Thou Shalt Not Make Unto Thee Any Graven Image

George Reynolds, Janne M. Sjodahl

In Ex. 20:4-6, this commandment is rendered,

Thou shalt not make unto thee any graven image, or any likeness of any thing that is in heaven above, or that is in the earth beneath, or that is in the water under the earth.

Thou shalt not bow down thyself to them, or serve them: for I the Lord thy God am a jealous God, visiting the iniquity of the fathers upon the children, unto the third and fourth generation of them that hate me.

And shewing mercy unto thousands of them that love me and keep my commandments.
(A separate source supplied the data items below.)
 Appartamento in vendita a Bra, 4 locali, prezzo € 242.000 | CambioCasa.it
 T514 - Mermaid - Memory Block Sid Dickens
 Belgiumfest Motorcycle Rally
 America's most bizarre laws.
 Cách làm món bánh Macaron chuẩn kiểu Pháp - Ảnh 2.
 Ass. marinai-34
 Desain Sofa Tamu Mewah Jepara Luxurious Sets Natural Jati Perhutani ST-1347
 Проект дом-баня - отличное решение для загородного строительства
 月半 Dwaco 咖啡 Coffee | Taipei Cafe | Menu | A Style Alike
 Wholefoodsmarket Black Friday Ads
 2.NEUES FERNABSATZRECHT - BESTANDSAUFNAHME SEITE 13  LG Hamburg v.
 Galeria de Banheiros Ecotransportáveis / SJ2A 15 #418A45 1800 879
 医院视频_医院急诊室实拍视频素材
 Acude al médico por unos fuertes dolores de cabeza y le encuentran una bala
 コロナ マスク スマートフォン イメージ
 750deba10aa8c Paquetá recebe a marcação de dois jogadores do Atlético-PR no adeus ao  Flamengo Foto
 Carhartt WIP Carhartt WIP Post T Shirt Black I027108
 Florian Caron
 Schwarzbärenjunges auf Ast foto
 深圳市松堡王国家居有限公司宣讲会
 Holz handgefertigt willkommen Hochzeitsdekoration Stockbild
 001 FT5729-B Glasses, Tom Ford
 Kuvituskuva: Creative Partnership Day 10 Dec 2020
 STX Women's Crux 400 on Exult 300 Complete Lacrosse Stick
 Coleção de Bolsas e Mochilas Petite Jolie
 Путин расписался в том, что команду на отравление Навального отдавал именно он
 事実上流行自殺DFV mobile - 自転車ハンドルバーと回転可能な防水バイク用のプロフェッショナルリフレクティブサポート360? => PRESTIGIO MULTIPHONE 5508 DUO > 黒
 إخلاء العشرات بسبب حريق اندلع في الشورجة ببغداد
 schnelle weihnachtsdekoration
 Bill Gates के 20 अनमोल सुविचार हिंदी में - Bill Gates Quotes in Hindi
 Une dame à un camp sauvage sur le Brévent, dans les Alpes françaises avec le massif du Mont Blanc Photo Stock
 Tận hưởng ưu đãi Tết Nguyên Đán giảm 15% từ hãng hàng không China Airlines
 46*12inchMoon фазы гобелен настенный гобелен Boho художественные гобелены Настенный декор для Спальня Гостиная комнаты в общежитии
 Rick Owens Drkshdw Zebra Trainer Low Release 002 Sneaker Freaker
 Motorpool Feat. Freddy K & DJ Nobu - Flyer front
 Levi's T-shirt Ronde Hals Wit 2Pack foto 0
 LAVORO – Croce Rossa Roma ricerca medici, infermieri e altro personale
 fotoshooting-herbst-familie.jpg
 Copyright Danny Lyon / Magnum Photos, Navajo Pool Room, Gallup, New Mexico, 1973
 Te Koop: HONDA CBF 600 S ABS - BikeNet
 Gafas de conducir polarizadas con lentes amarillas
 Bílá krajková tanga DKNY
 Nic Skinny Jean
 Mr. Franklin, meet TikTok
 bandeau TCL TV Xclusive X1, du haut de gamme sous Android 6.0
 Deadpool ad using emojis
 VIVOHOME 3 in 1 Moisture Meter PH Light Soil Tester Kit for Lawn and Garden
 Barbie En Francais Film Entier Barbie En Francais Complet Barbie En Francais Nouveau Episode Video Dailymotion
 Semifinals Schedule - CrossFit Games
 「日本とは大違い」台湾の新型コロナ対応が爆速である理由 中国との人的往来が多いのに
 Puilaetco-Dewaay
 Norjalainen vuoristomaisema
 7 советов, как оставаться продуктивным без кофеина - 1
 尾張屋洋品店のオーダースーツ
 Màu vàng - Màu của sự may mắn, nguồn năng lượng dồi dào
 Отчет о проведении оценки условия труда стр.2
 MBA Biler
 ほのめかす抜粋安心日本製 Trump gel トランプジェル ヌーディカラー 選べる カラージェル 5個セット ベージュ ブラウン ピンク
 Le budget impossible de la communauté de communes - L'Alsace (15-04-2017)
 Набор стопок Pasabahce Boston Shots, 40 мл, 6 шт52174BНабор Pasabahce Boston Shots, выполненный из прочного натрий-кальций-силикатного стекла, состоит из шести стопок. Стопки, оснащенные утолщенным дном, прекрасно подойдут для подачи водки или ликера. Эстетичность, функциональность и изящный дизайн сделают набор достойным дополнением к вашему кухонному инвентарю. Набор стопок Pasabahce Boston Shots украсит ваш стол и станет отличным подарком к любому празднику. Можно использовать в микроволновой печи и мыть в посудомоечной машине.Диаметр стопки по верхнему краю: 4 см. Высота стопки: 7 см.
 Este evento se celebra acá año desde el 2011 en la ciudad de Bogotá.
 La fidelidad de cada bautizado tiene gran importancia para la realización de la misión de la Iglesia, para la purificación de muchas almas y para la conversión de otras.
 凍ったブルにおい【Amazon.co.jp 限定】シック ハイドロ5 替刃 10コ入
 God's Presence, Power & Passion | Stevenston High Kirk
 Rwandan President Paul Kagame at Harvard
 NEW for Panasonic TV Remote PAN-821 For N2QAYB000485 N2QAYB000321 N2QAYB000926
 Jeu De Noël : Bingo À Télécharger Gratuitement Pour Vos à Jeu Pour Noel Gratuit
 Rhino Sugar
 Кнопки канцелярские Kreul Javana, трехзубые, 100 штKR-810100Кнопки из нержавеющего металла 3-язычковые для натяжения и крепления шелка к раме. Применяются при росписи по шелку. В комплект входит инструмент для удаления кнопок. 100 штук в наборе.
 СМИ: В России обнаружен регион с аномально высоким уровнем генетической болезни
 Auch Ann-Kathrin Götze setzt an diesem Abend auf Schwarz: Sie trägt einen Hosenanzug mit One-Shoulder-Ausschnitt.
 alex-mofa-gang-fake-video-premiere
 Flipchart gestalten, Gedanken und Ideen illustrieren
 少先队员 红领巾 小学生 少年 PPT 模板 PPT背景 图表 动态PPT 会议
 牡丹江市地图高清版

Except for a few changes in wording, the translations of the Ten Commandments found in the Bible and the Book of Mormon agree. The main difference is found in the 5th verse, where the Book of Mormon has the word iniquity, translated into the plural, iniquities. To recognize this difference is important to the thoughtful student because it warns all mankind that suffering is the lot of those who break any of God's commands. Not only does this commandment denounce and forbid any form of idolatry, but it threatens by some outward sign or expression, the children of them who willfully choose to do evil when good is placed before them. Sacred history is replete with such examples. The Book of Mormon reader need go no further than the account of the Lamanites. At first they were a "white and delightsome people," but their fathers refused to worship God in the manner in which they had been taught. Slothfulness and iniquities of every nature turned their children into dark-skinned haters of God. We cannot deny that the Lord visited the children of Laman with the outward sign of, not an inward grace, but, His displeasure. He caused a dark skin to mark them and their children for many generations, but with this promise that they will again become a "white and delightsome people."

Visiting the iniquities of the fathers upon the children. If the children continue to walk in the steps of their fathers, and here idolatry is particularly intended, they will be visited with the judgments of the Lord. We take this to mean "national judgments."